Holger Droessler | Harvard University

Holger Droessler | Harvard University

Global Humanities Junior Research and Teaching Stay at Freie Universitaet Berlin

Islands of Labor: Community and Resistance in Colonial Samoa, 1889-1919

His book manuscript, Islands of Labor: Community and Resistance in Colonial Samoa, 1889-1919, focuses on a central issue in a central location: labor relations in colonial Samoa. Each of the five chapters zooms in on an important workscape: the subsistence economy, the copra plantation, the ethnographic show, the building of infrastructure, and the colonial service. His interdisciplinary research draws on a wide range of sources—from oral histories and court depositions to photographs and maps—to reconstruct the experiences of Samoans as well as migrants from other Pacific islands and China. These workers, he argues, actively resisted the demands of Euro-American colonial officials and planters by transcending racial boundaries and creating new forms of community.
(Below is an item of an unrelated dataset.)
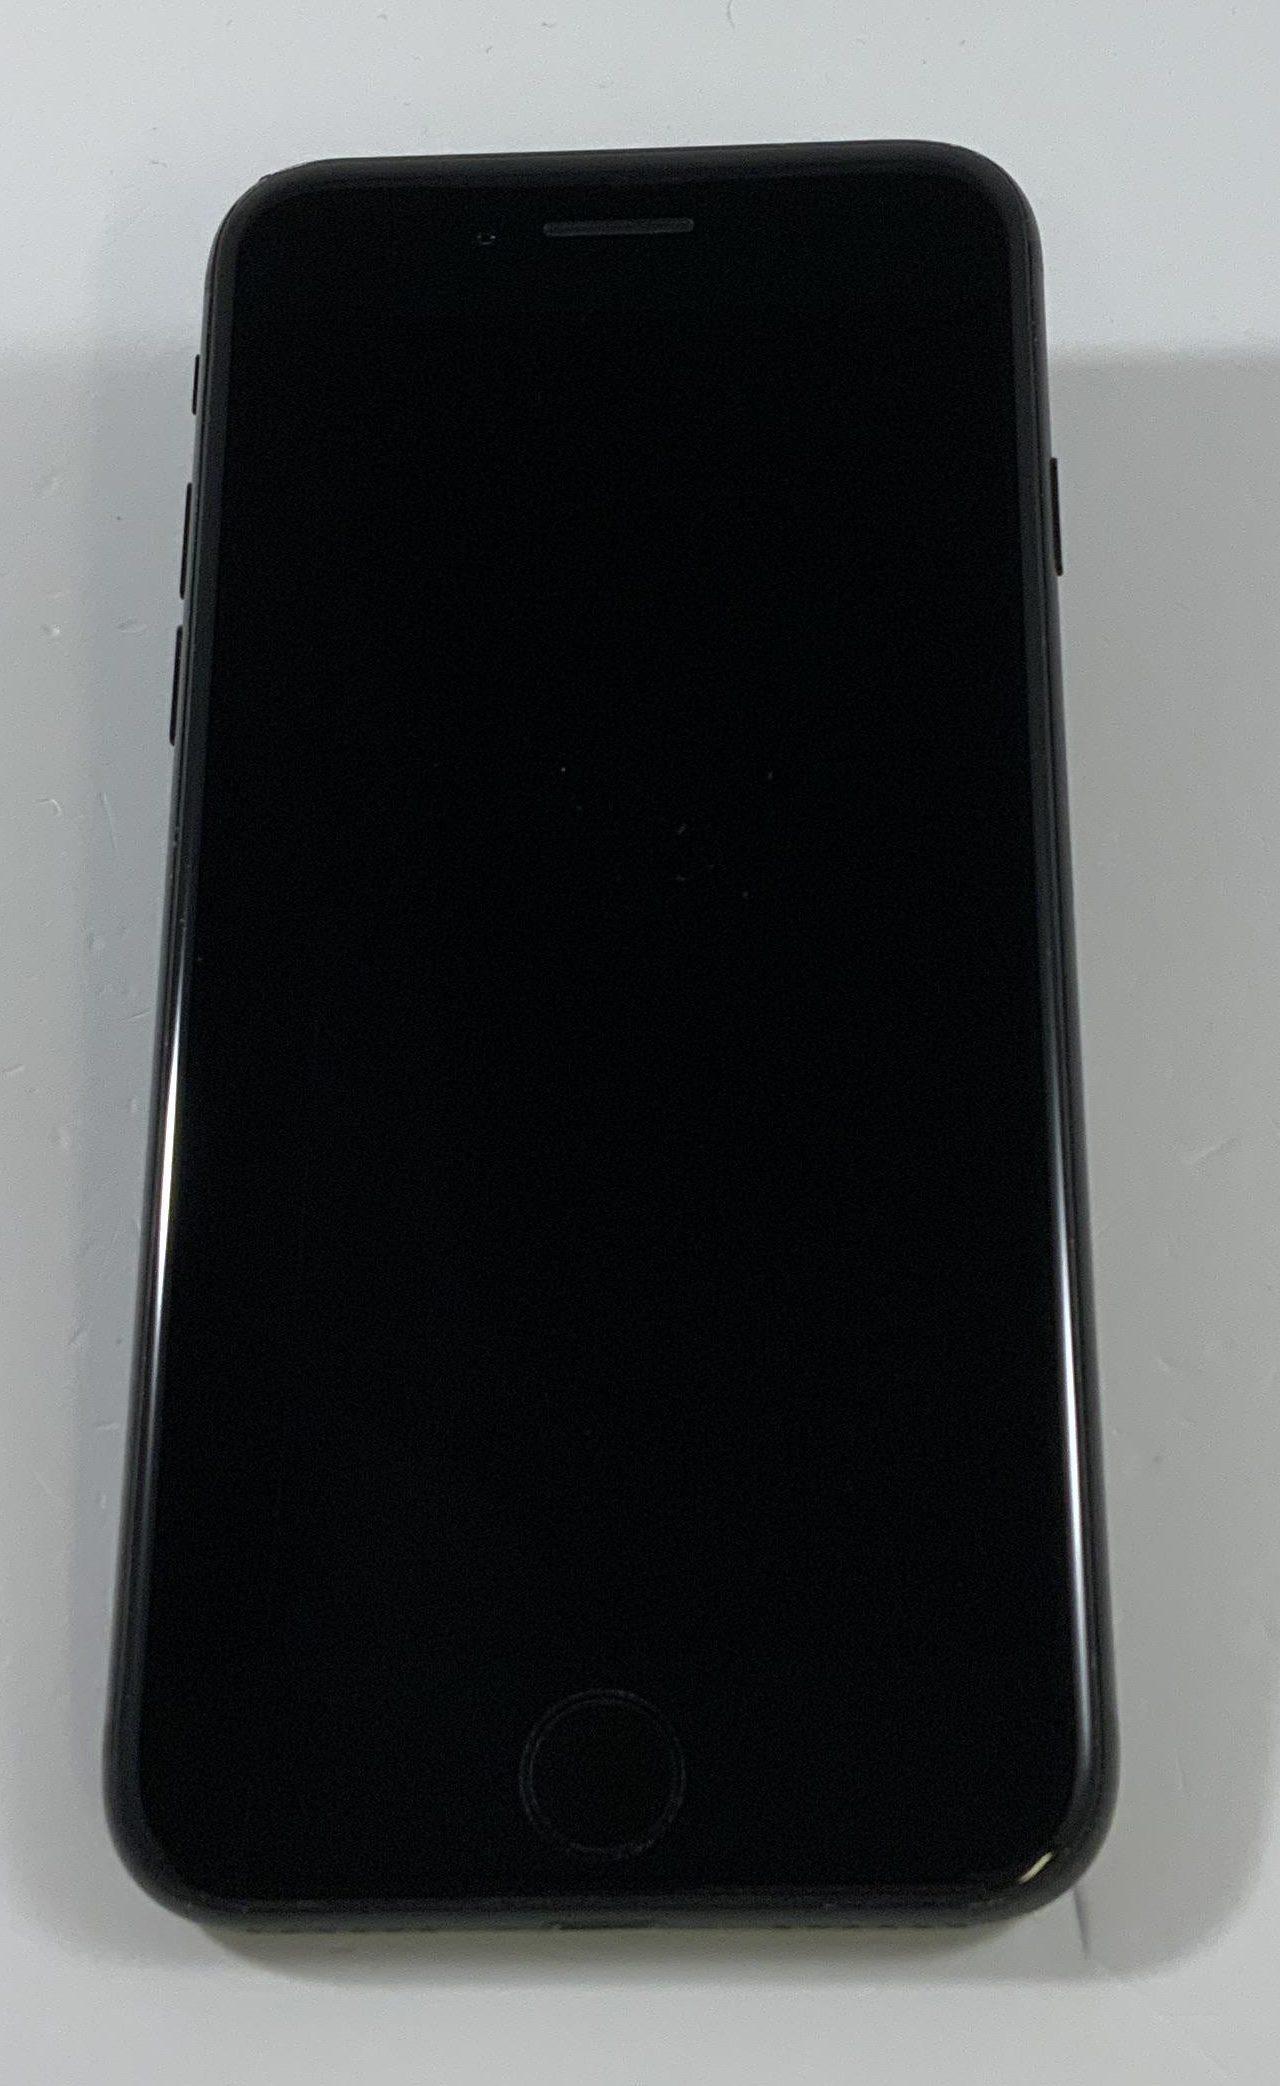 iPhone 7 32GB, 32GB, Black, immagine 1

Holger Droessler is a College Fellow in U.S. History at Harvard University and a Lecturer in History at Tufts University. Before earning a Ph.D. in American Studies at Harvard University (2015), he studied American history and political science at the University of Munich. His research centers on the global history of the nineteenth century, especially U.S. and European imperialism in the Pacific. In his book manuscript, Islands of Labor: Community and Resistance in Colonial Samoa, 1889-1919, he explores the crucial role of workers in the making of empire in the South Pacific.